YOUR OBJECTIVE: Output the complete listing exactly, please, and keep the pictures out of it.

DATA SHOWN:

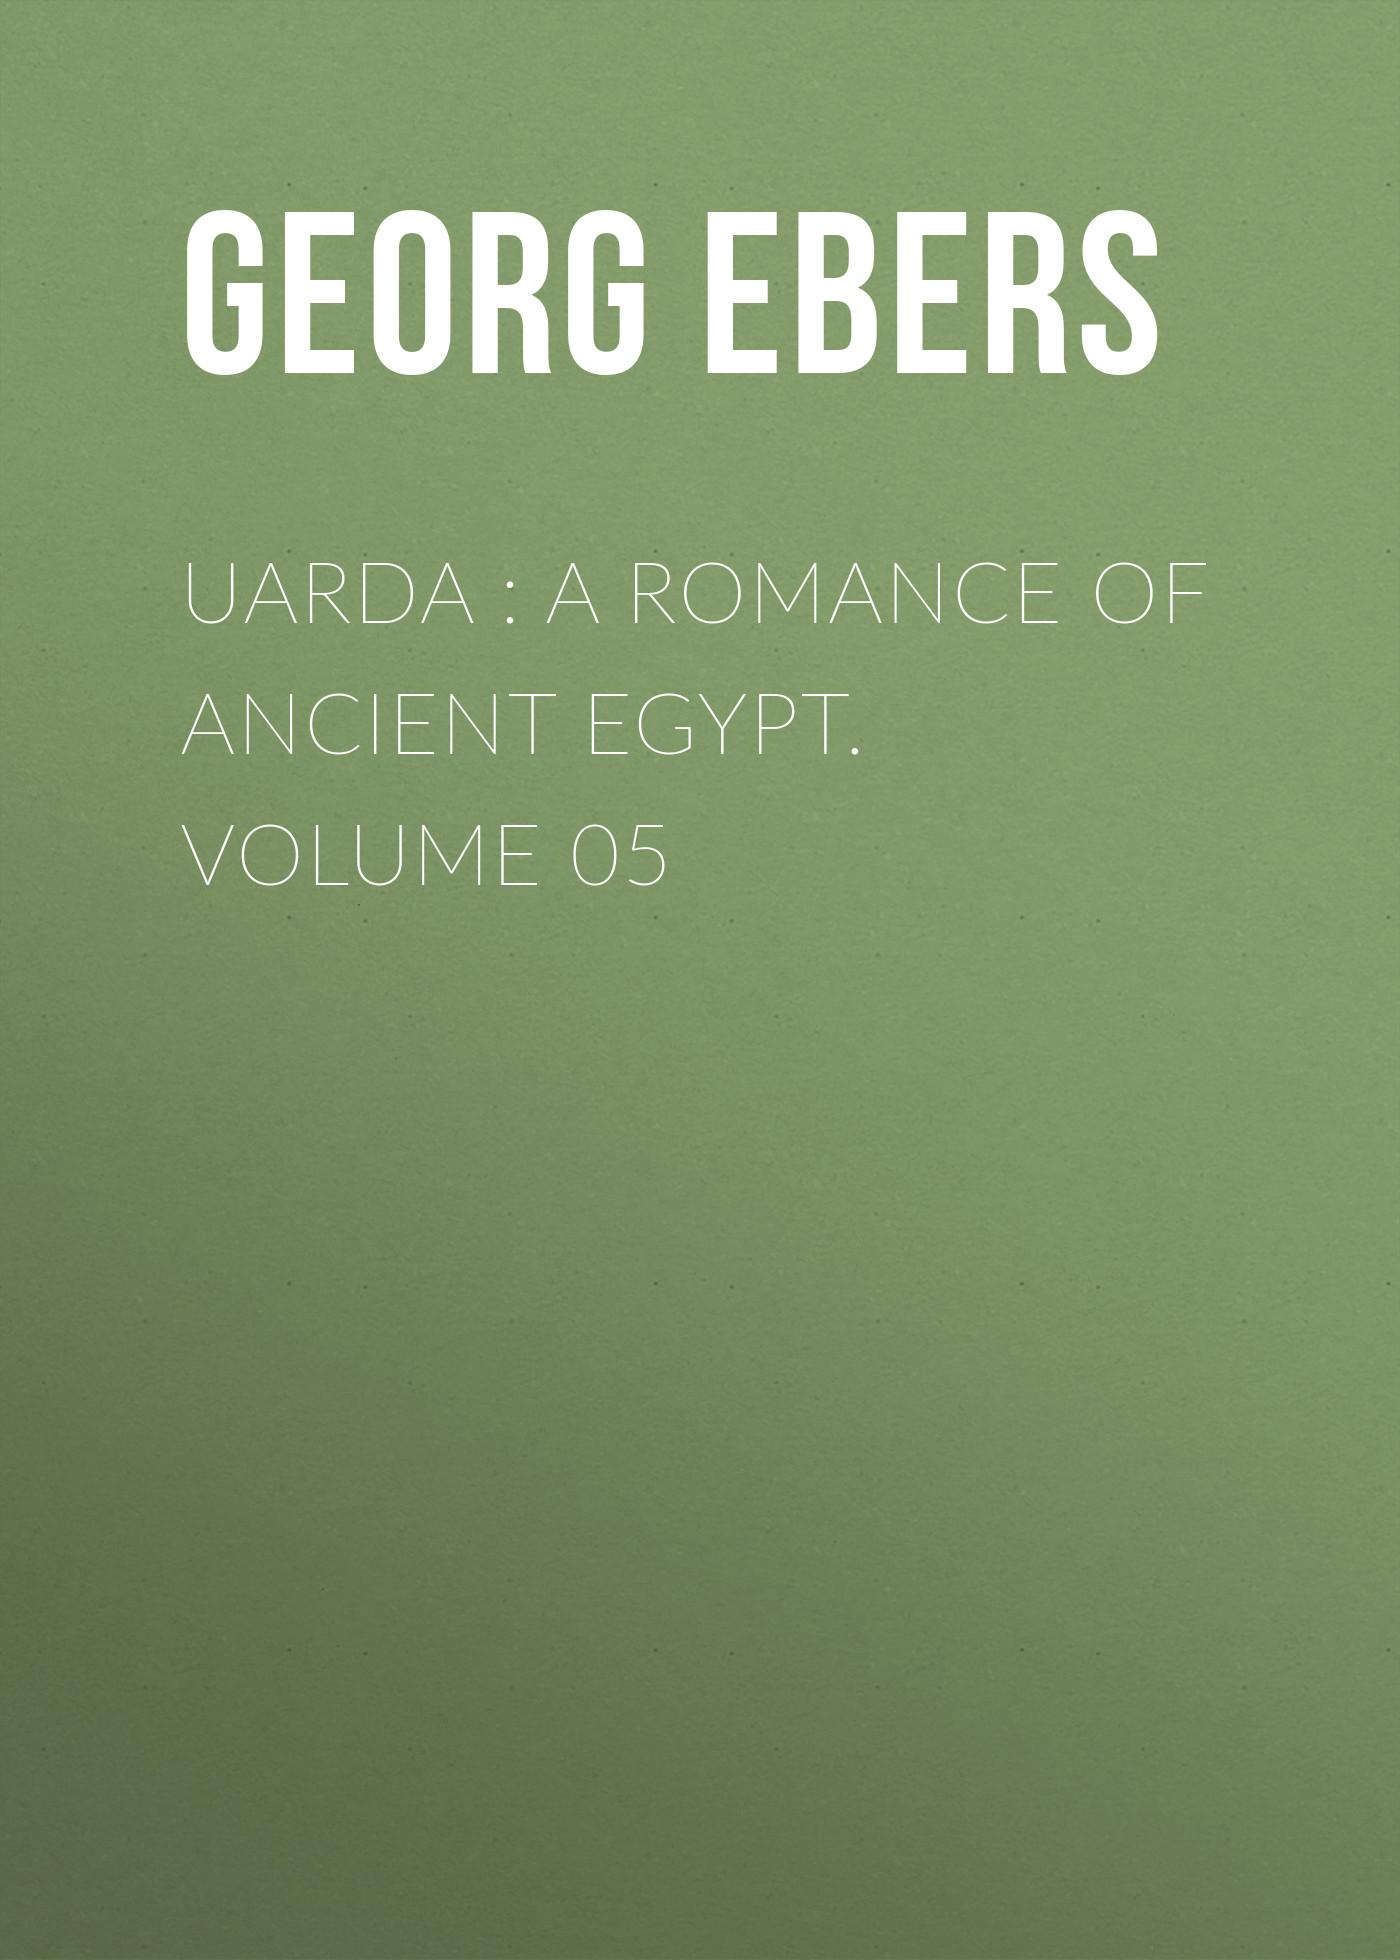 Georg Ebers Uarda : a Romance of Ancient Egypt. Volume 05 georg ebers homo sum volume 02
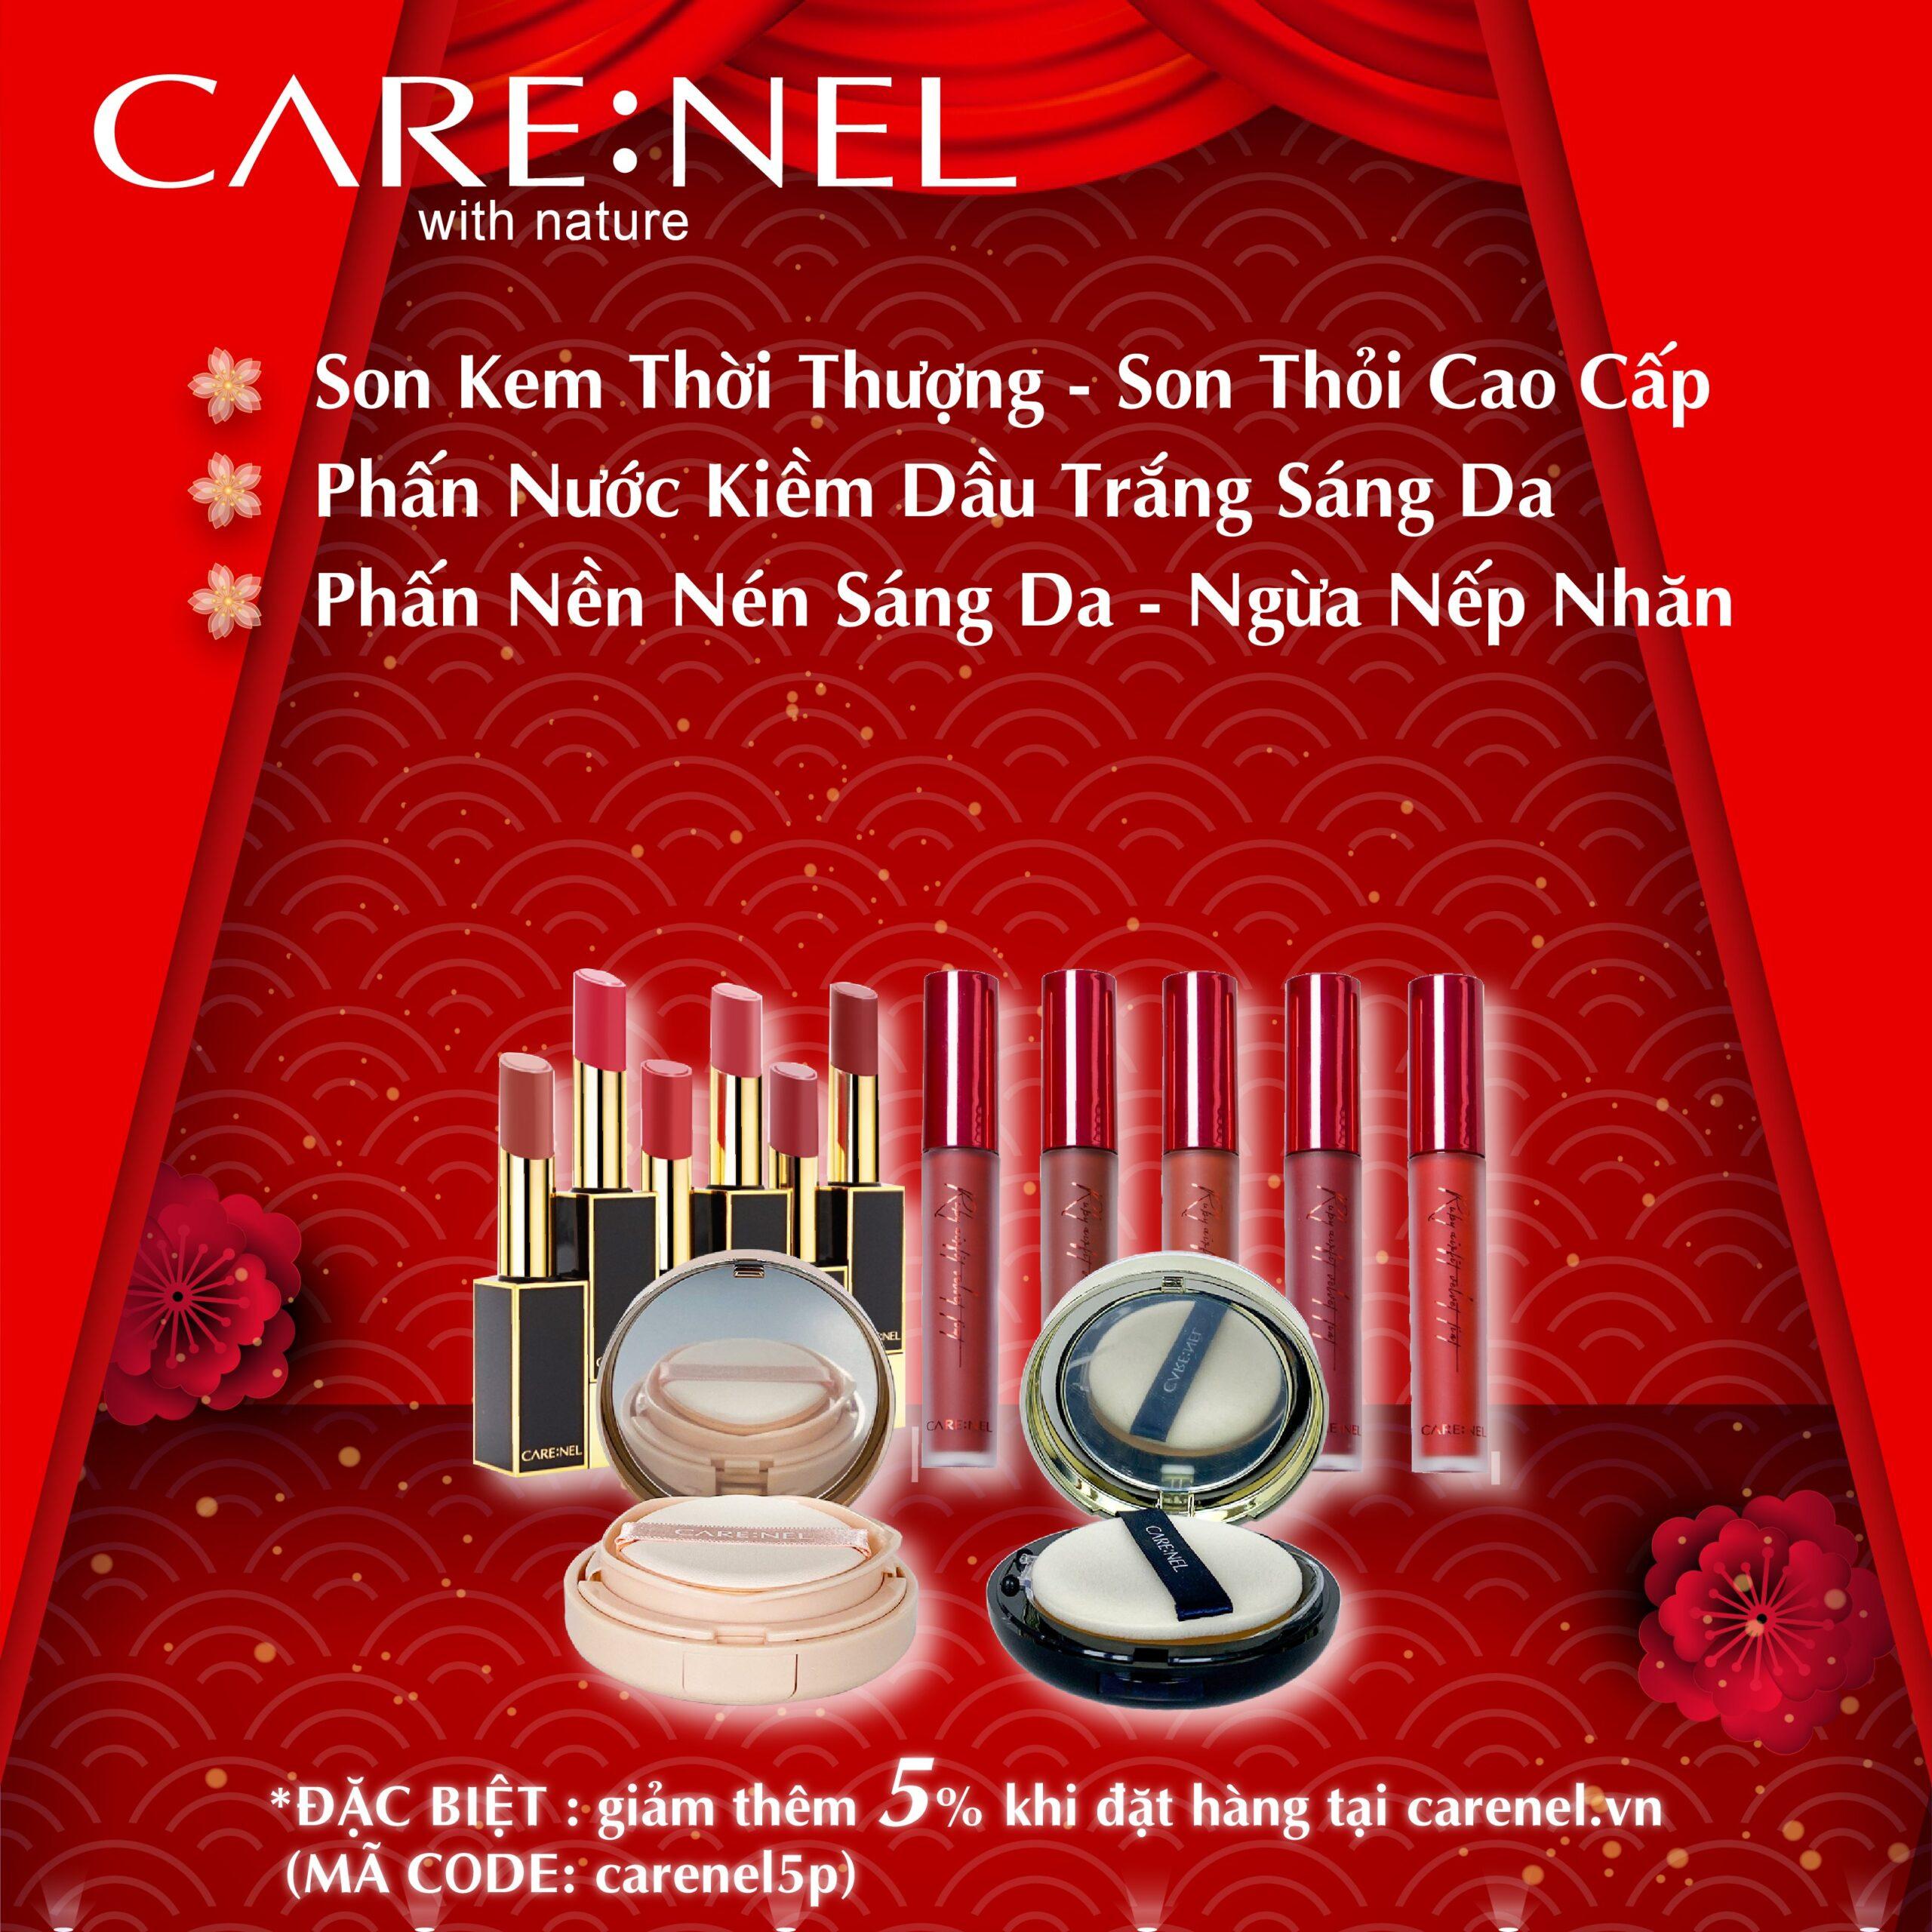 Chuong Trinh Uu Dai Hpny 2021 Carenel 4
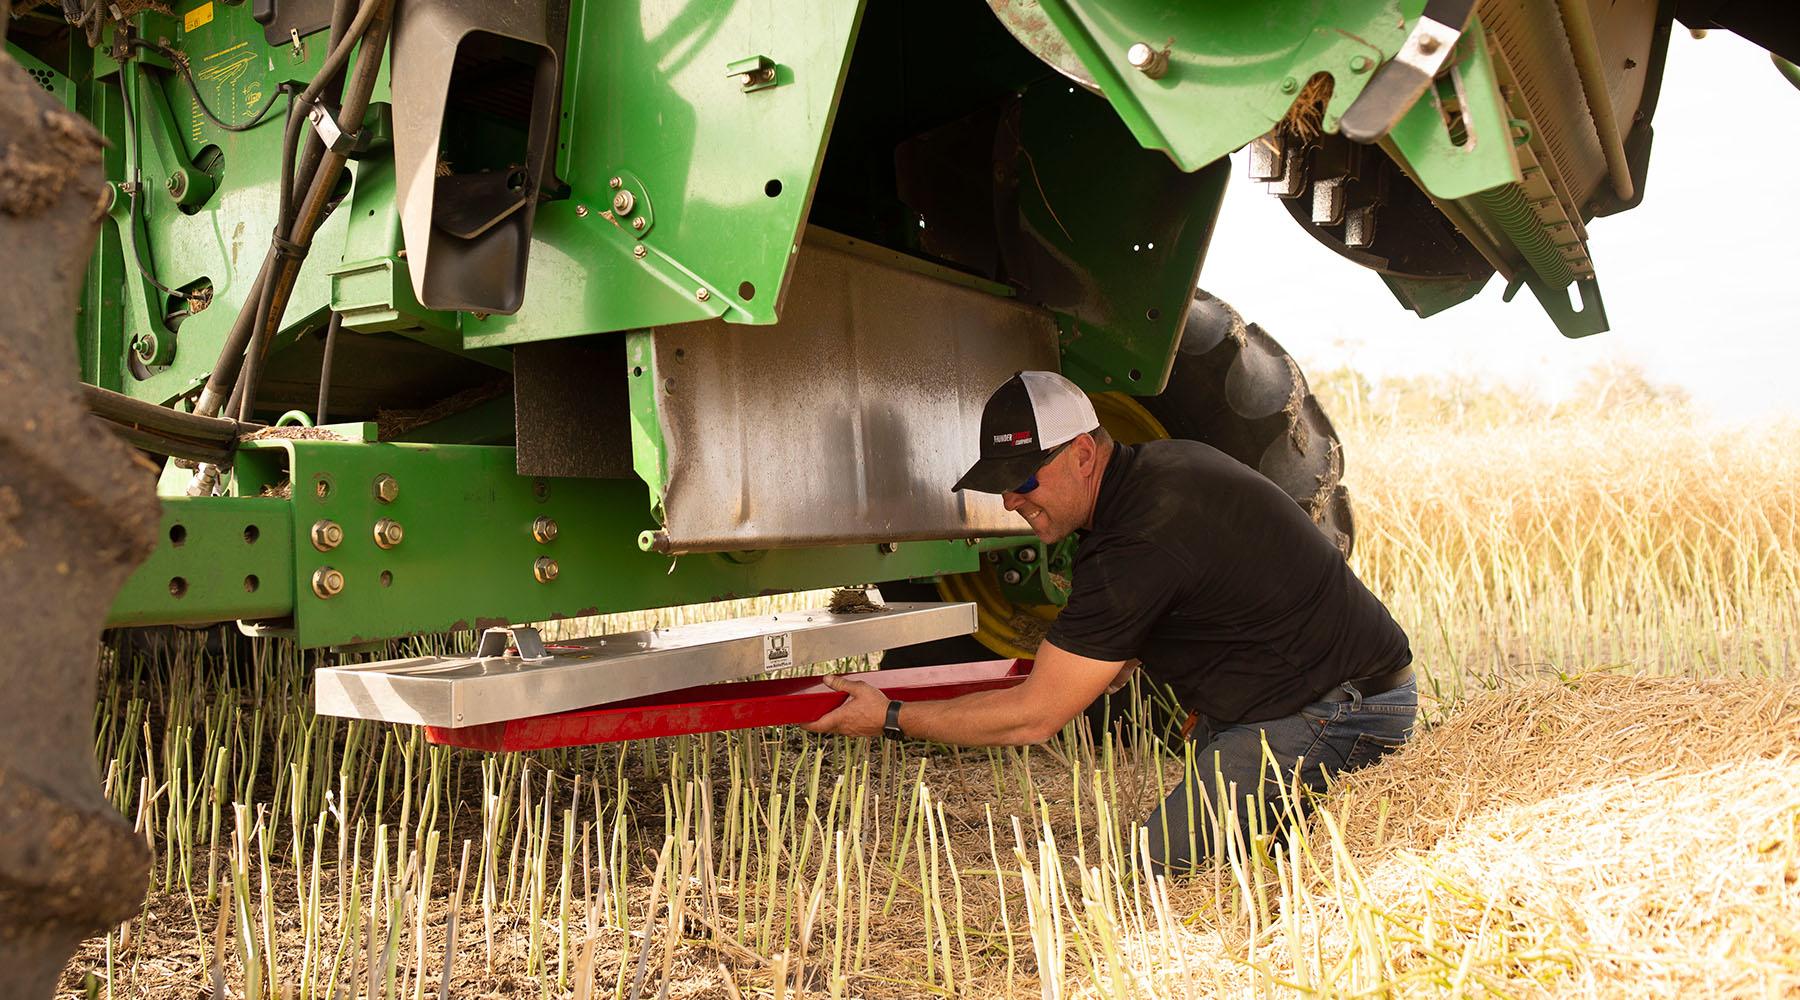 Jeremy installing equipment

ANSWER AREA:
 Georg Ebers Uarda : a Romance of Ancient Egypt. Volume 05 georg ebers homo sum volume 02
 Chuong Trinh Uu Dai Hpny 2021 Carenel 4
 Jeremy installing equipment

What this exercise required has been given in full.